I'm Sure There Is A Word For This
The this in this instance being a great idea birthed too late to be of use. I'm sure it's happened to you. Like when you make a sandwich, which is okay, but not wonderful, and you realize you have this fabulous pepper blend that would jazz it up, except you are now on the last bite.
Happens to me all the time, and as a matter of fact, it just happened to me tonight, while I was eating a sandwich. No, I remembered my peppers, my realization was about the editing process.
Let's get one thing out of the way right now: all writers make idiot mistakes while writing their first drafts. Some of these mistakes are caught in rewrites, some go on to get caught by the editor, and some make it into the final edition. Unfortunately, for self-published authors, who cannot afford an editing service, this whole process is done by rereading the manuscript over and over until our eyes bleed. It's super easy to miss things, which is why my first edition of Eyes was an abysmal batch of word soup.
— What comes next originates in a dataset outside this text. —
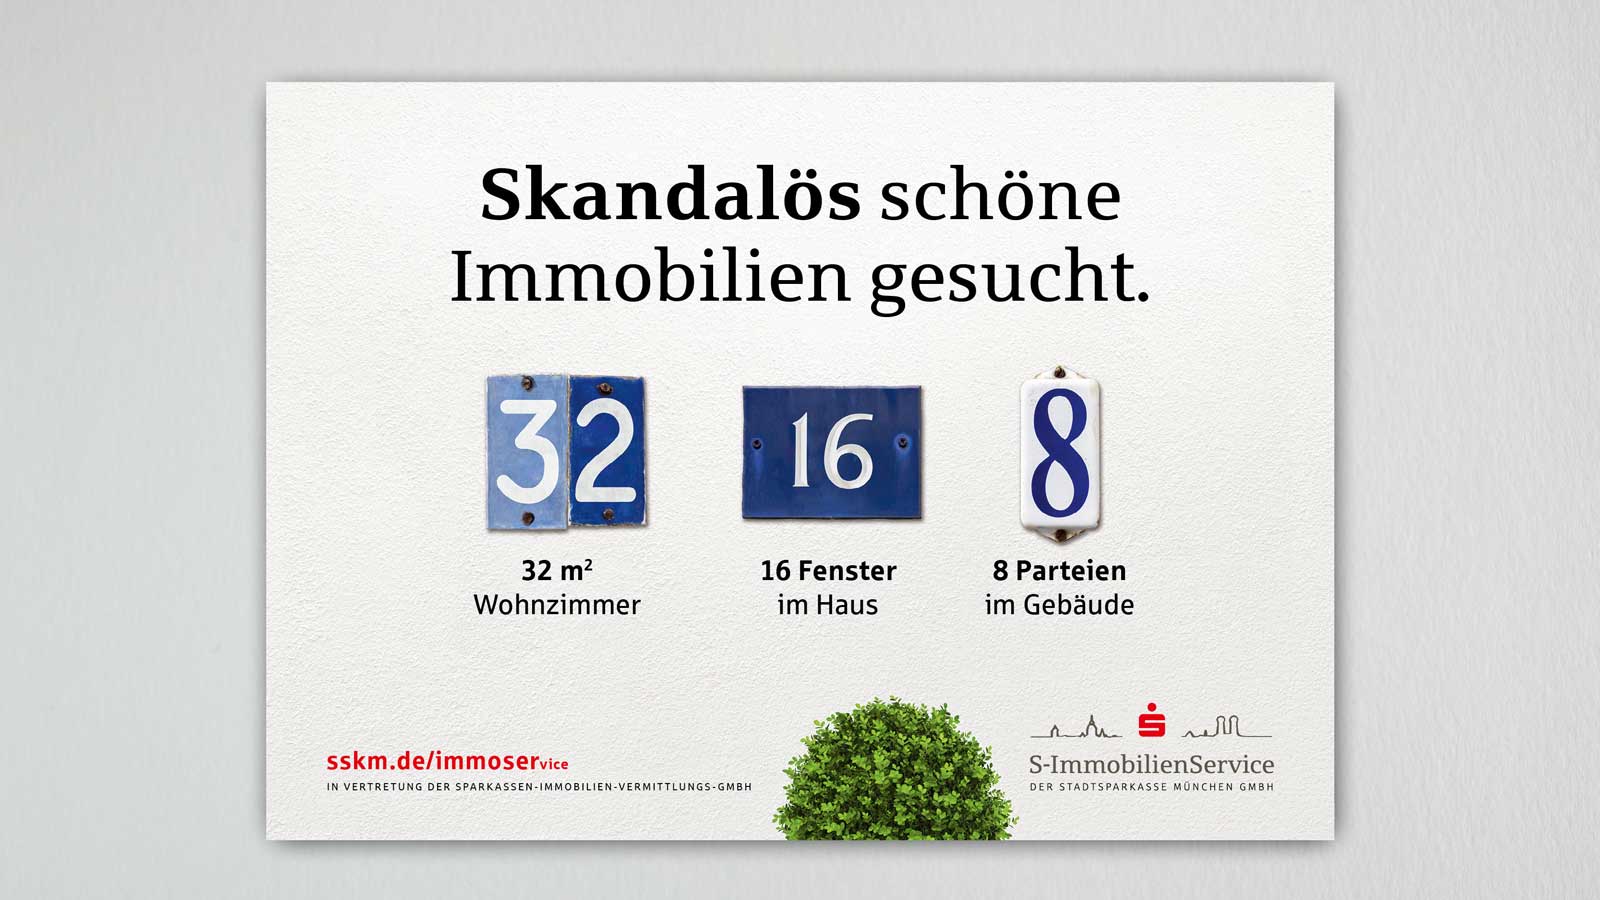 Imagekampagne S-Immobilienservice der Stadtsparkasse München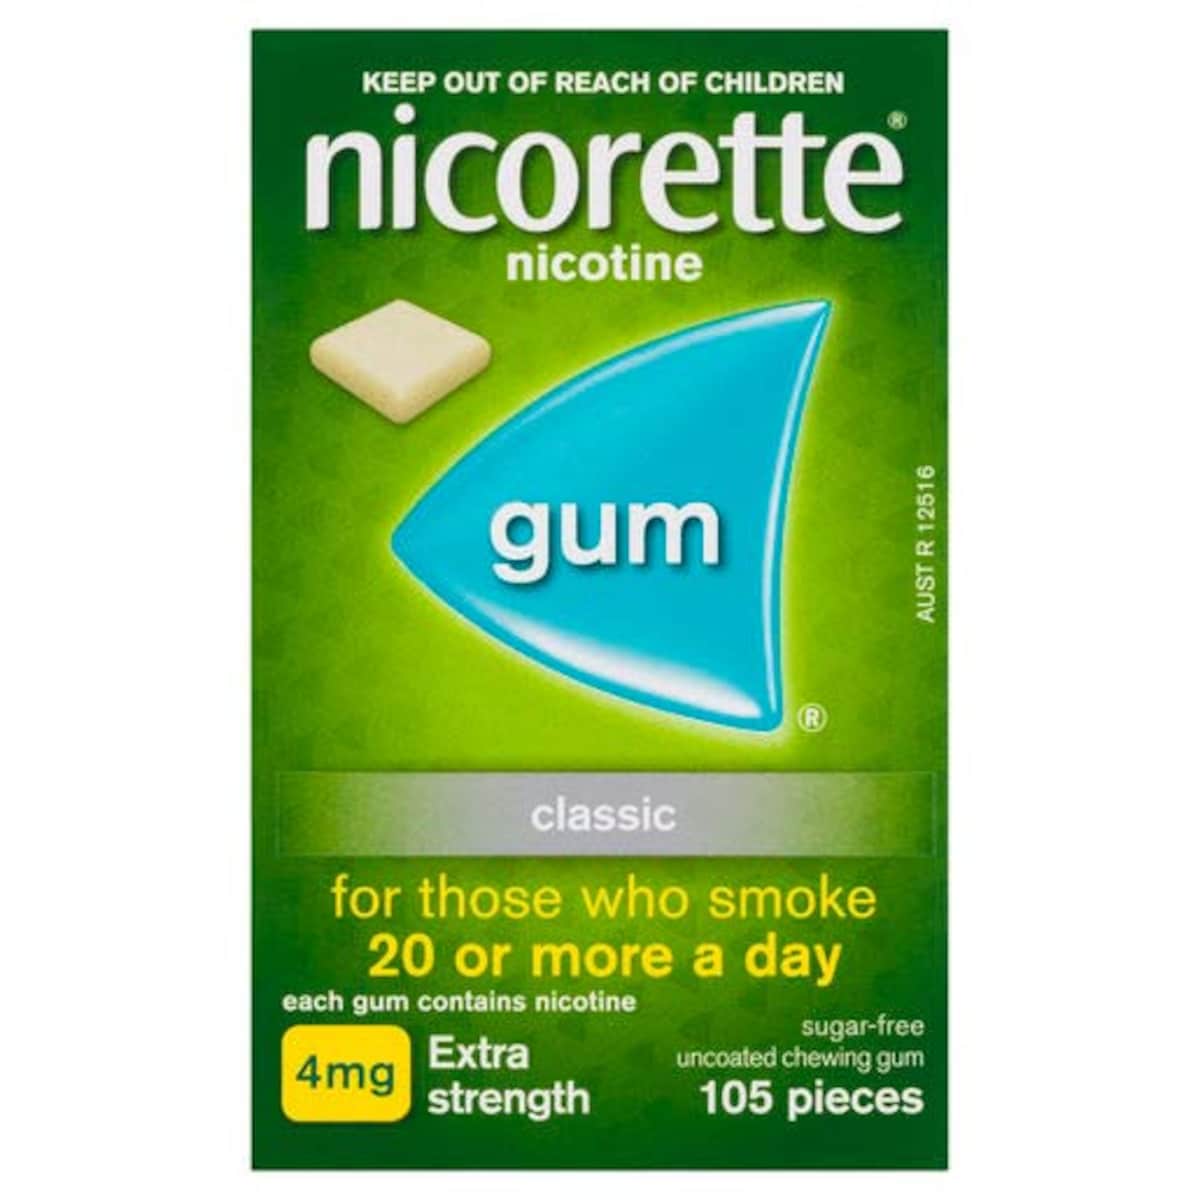 Nicorette Quit Smoking Nicotine Gum 4mg Classic 105 Pieces

But tonight I had a head-smack moment when I remembered that my Kindle has a feature, as do most computers today, where it will read the text. Had I thought to sit down with a cup of coffee and a comfortable pair of headphones, I could have saved myself a lot of effort, and perhaps some of my sanity. No, it won't find the wrong use of there, their, and they're, but that is what the find feature is good for. But when it comes to stupid typos that I miss, I'm more likely to use on for in, an for and, or a wrong tense. When reading, our brains fill in these gaps, especially for the author, who knows exactly what they meant. It's harder to ignore a blatant error when it's being read aloud.
I'm sure I'm not the first person to figure this out, but for any other writers out there struggling with the same issue, I hope you find this useful. I'm certainly going to employ this technique for all of my future endeavors.